Friday, February 28, 2003

Articles from Computer Journal

I read two articles from Computer Journal and I wanted to share some excerpts here.


Professor Dr. Kochiro Ochimizu from Hankuk Aviation University, who took part in the First International Conference on Compuer Applications in Yangon, said, in an interview by Myanmar Computer Journal, that Burmese students are hardworking and motivated to learn. For Computer PhD students, only one thing is lacking in Burma -- a condusive environment. ..... A PhD candidate (Computer Science University here in Burma now has Ph.D. candidates) will need to have full access to the Internet for his professional research so he can see and interact with the real world out there. (sic.)


-- International Conference on Computer Applications (2003, February). Computer Journal, No. 108, pp. 50-56.


The following is another one.


Computer Journal also contains news on BaganNet. According to the report, BaganNet currently has 8000 subscribers and 300 broadband users. The reporter said that the BaganNet service is still slow and difficult to dial up if many users are on-line. There is also a problem of receiving no response from the server. In addition it is difficult to dial up on Saturday and Sunday nights especially when there are football (soccer) matches around Europe.


-- Slow Internet (2003, February). Computer Journal, No. 108, p 56.


It's been difficult to get connected to BaganNet dial-up server lately. It took me 15 tries (redials) to get connected.



Wednesday, February 19, 2003

Auntie June

I stopped by to see Auntie June who is visiting from Los Angeles.
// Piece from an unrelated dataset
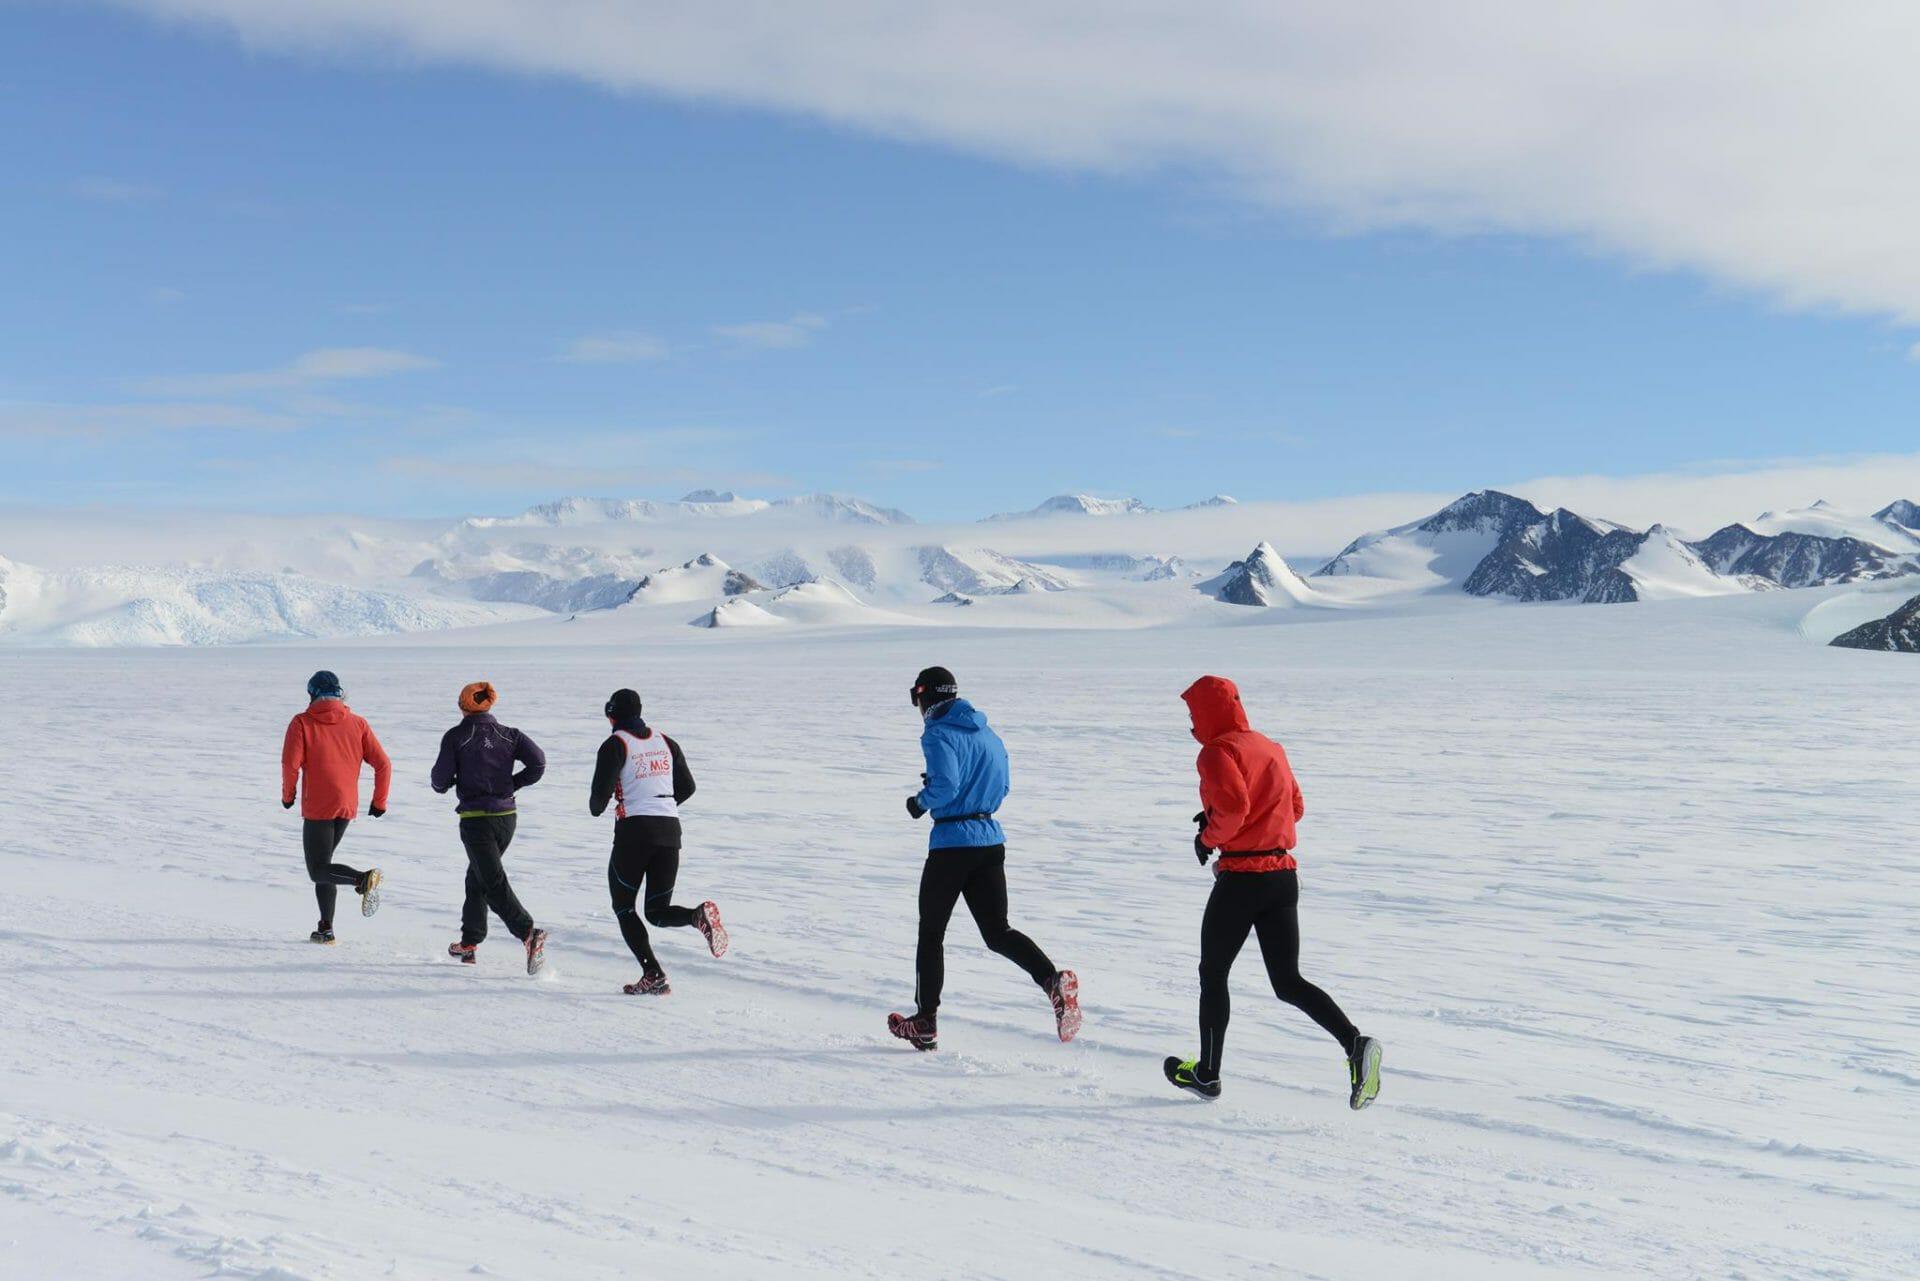 Quelles sont les courses les plus glaciales du globe?

It was very exciting to see her because I met her in Fort Wayne, IN late November. I met her again in L.A in December and now in Burma in February. It's so wonderful to see somebody three times in three months in three different places that are thousand miles apart.



Monday, February 10, 2003

Surfing the Internet in Burma

I was able to borrow PCMCIA modem to use with my laptop. Therefore, I
surfed the web for the very first time from Burma. It seems very nice. Many
useful sites are open. I was surprised, to be honest. I didn't expect them to
open this much. Anyway, they use Squid proxy server and DansGuardian content
filtering software to control our access.

http://dansguardian.org/?page=dgflow

Saturday, February 08, 2003

Seminar

I went to a seminar this morning. The seminar was about teaching English. Louis Young from Cetana Foundation led the workshop. Louis then led the discussion on teaching English.